Find vector of expected values ​​and covariance matrix

Question

For vector (X,Y) with density

$f(x,y)=C exp \{ -4x^2-6xy-9y^2 \}$

find constans C, vector of expected values ​​and covariance matrix.

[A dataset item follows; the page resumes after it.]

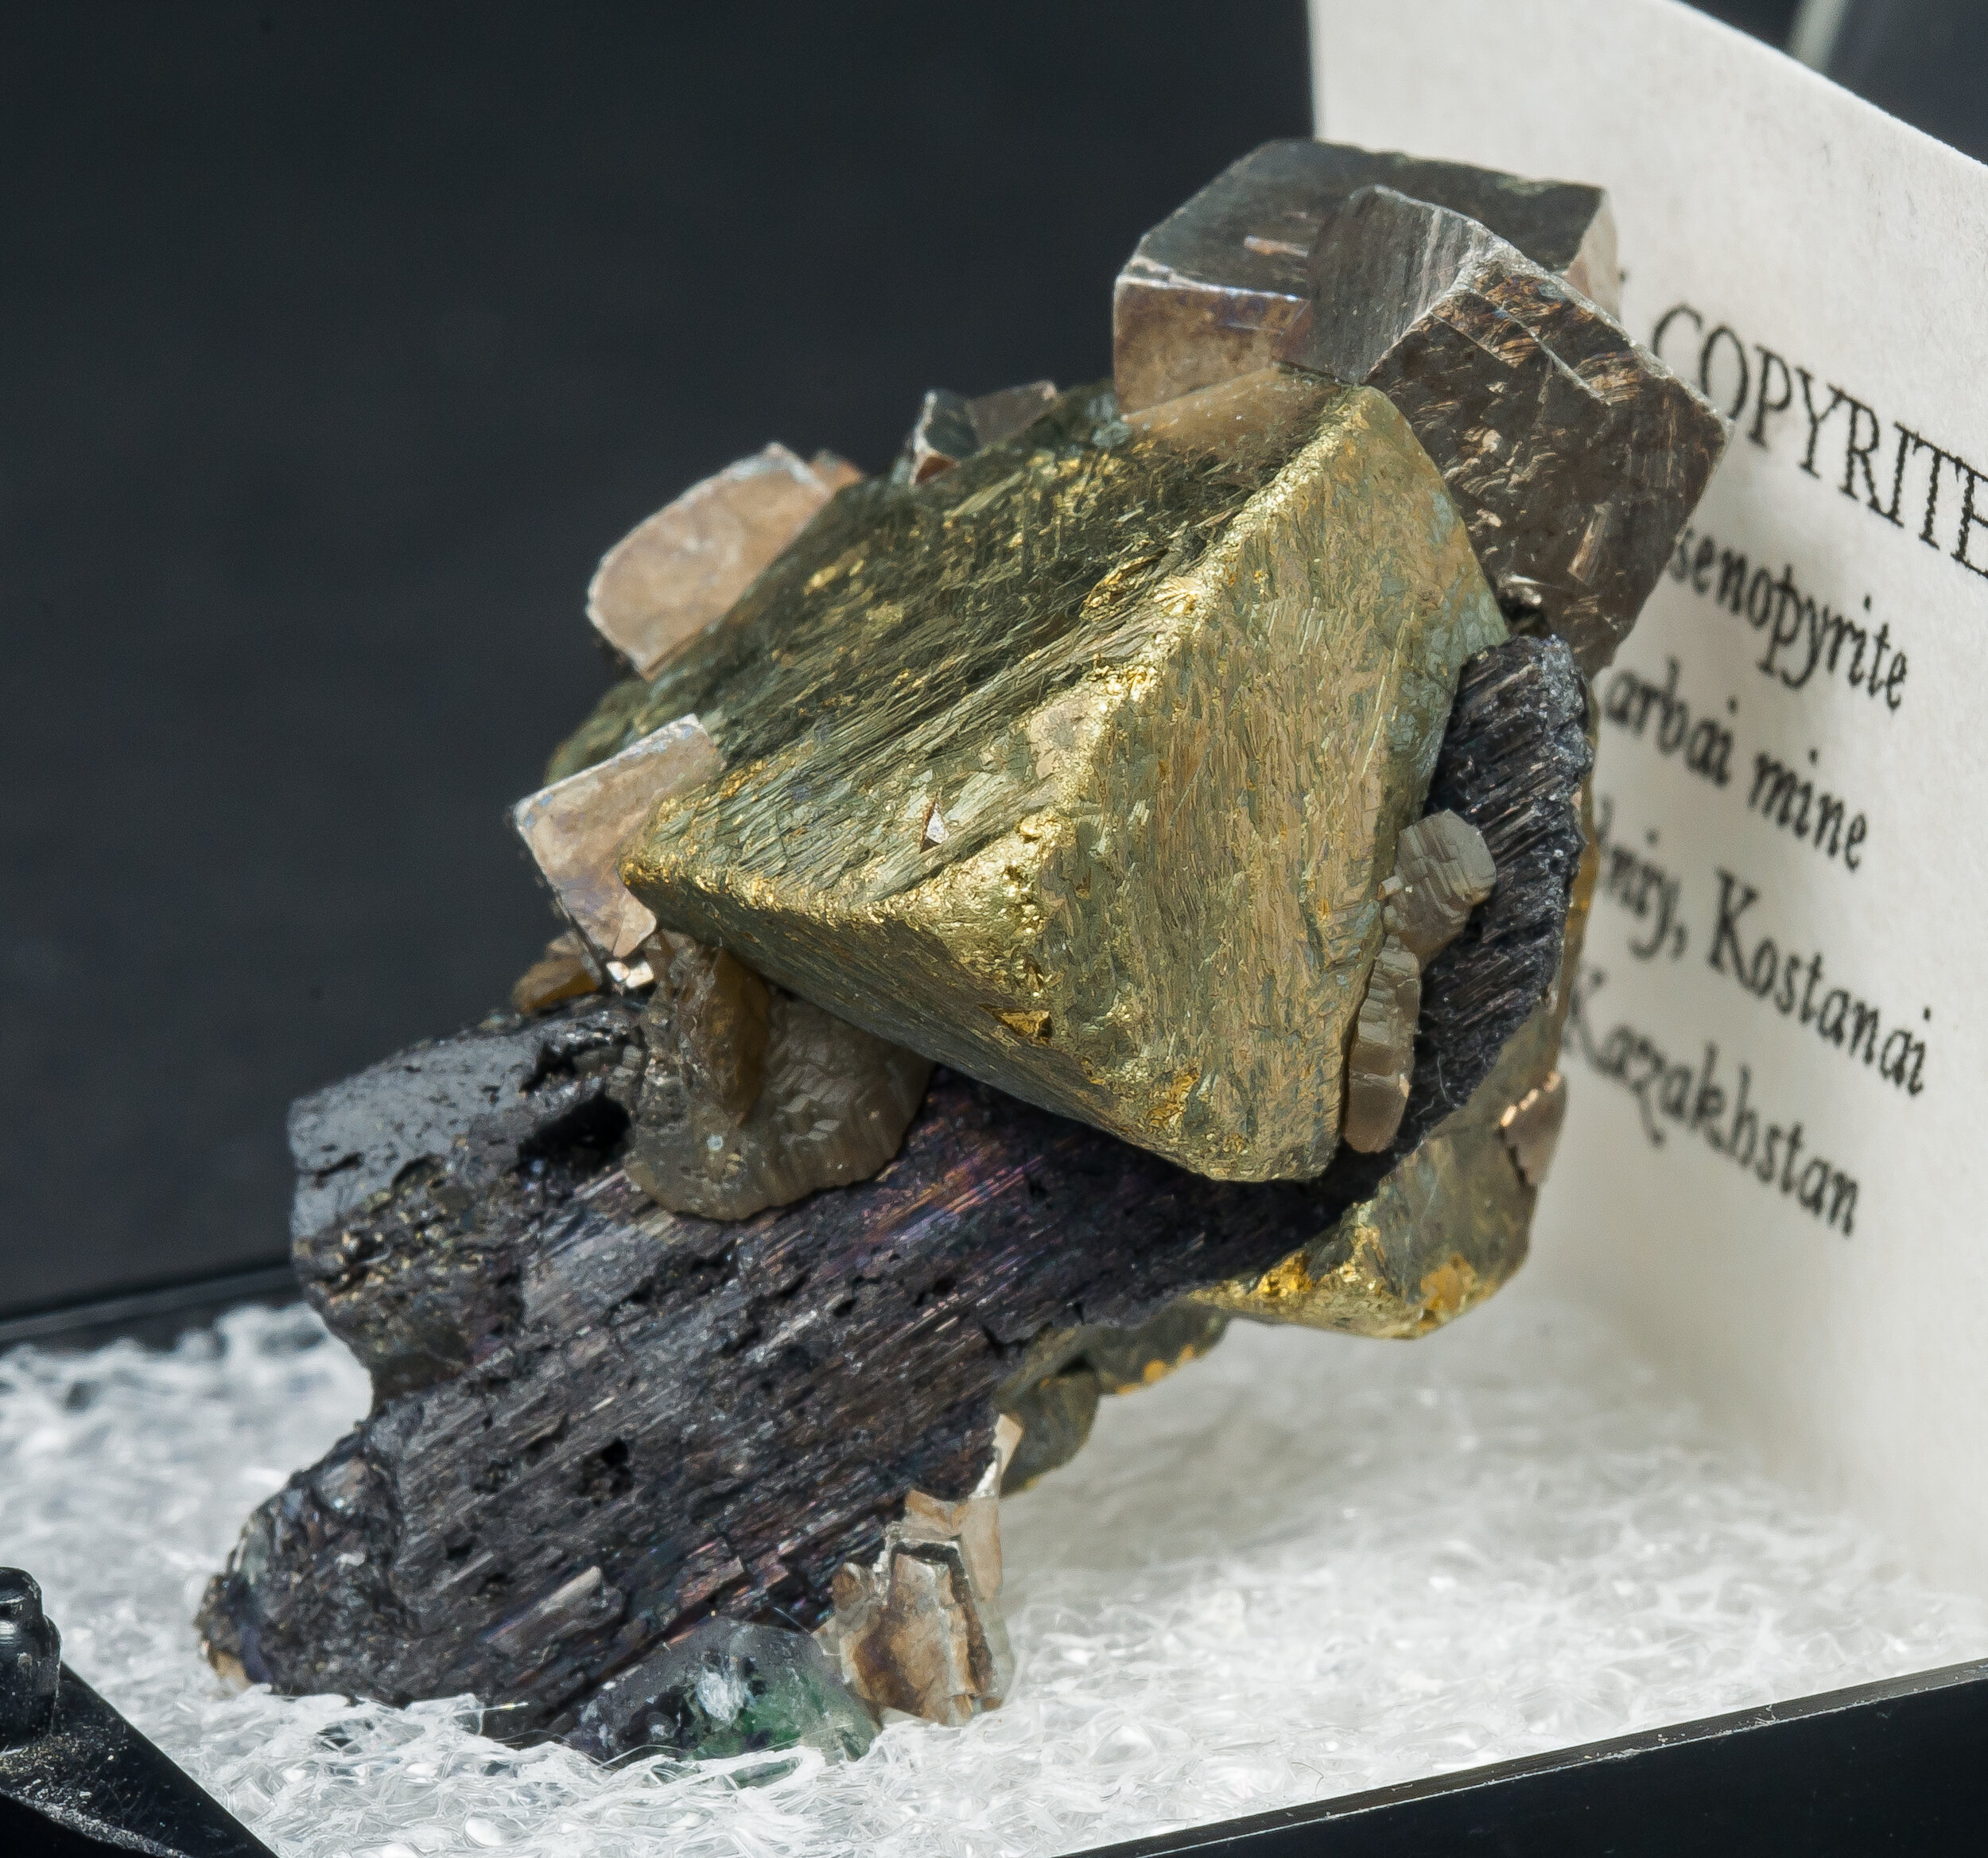 specimens/s_imagesAO1/Chalcopyrite-TAM16AO1s.jpg

How to do this kind of exercises?

Answer 1

$$f(x,y)=C \exp(-4x^2-6xy-9y^2)$$

The form is clearly a normal, the bivariate case is the next: $$ f(x,y) = \frac{1}{2 \pi \sigma_x \sigma_y \sqrt{1-\rho^2}} \exp\left( -\frac{1}{2(1-\rho^2)}\left[ \frac{(x-\mu_x)^2}{\sigma_x^2} + \frac{(y-\mu_y)^2}{\sigma_y^2} - \frac{2\rho(x-\mu_x)(y-\mu_y)}{\sigma_x \sigma_y} \right] \right)$$

How there is no constant in the expression the guess is $\mu_x=\mu_y=0$

$$ f(x,y) = \frac{1}{2 \pi \sigma_x \sigma_y \sqrt{1-\rho^2}} \exp\left( -\frac{1}{2(1-\rho^2)}\left[ \frac{x^2}{\sigma_x^2} + \frac{y^2}{\sigma_y^2} - \frac{2\rho xy}{\sigma_x \sigma_y} \right] \right)$$

Then looking in your density:

$$2(1-\rho^2)\sigma_x^2=\frac{1}{4}$$ $$2(1-\rho^2)\sigma_y^2=\frac{1}{6}$$ $$\frac{(1-\rho^2)}{\rho}\sigma_x \sigma_y=-\frac{1}{9}$$

Once you have those values:

$$C=\frac{1}{2 \pi \sigma_x \sigma_y \sqrt{1-\rho^2}}$$

Answer 2

Note that $$ 4x^2+6xy+9y^2=9\left(y+\tfrac13x\right)^2+3x^2, $$ and that, for every positive $a$, $$ \int_\mathbb R\mathrm e^{-az^2}\,\mathrm dz=\sqrt{\frac{\pi}a}, $$ hence $$ \iint\mathrm e^{-4x^2-6xy-9y^2}\,\mathrm dx\mathrm dy=\int\mathrm e^{-3x^2}\int\int\mathrm e^{-9\left(y+\tfrac13x\right)^2}\mathrm dy\mathrm dx $$ is $$ \int\mathrm e^{-3x^2}\sqrt{\frac{\pi}9}\mathrm dx=\sqrt{\frac{\pi}3}\,\sqrt{\frac{\pi}9}=\frac\pi{3\sqrt3}. $$ This shows that $$ C=\frac{3\sqrt3}\pi. $$ The decomposition of the binomial we started with also shows that, if $$ Z=Y+\frac13X, $$ then $(X,Z)$ is a centered independent normal vector with variances $$ \sigma^2_X=\frac16,\qquad\sigma^2_Z=\frac1{18}. $$ To see this, simply note that the change of variable formula shows that the density of $(X,Z)$ is proportional to $$ \mathrm e^{-3x^2-9z^2}=\mathrm e^{-x^2/(2\sigma_X^2)}\,\mathrm e^{-z^2/(2\sigma_Z^2)}. $$ Finally, $Y=Z-\frac13X$ hence $\sigma^2_Y=\sigma^2_Z+\frac19\sigma^2_X$ and $\mathrm{Cov}(X,Y)=-\frac13\sigma^2_X$, hence you are done.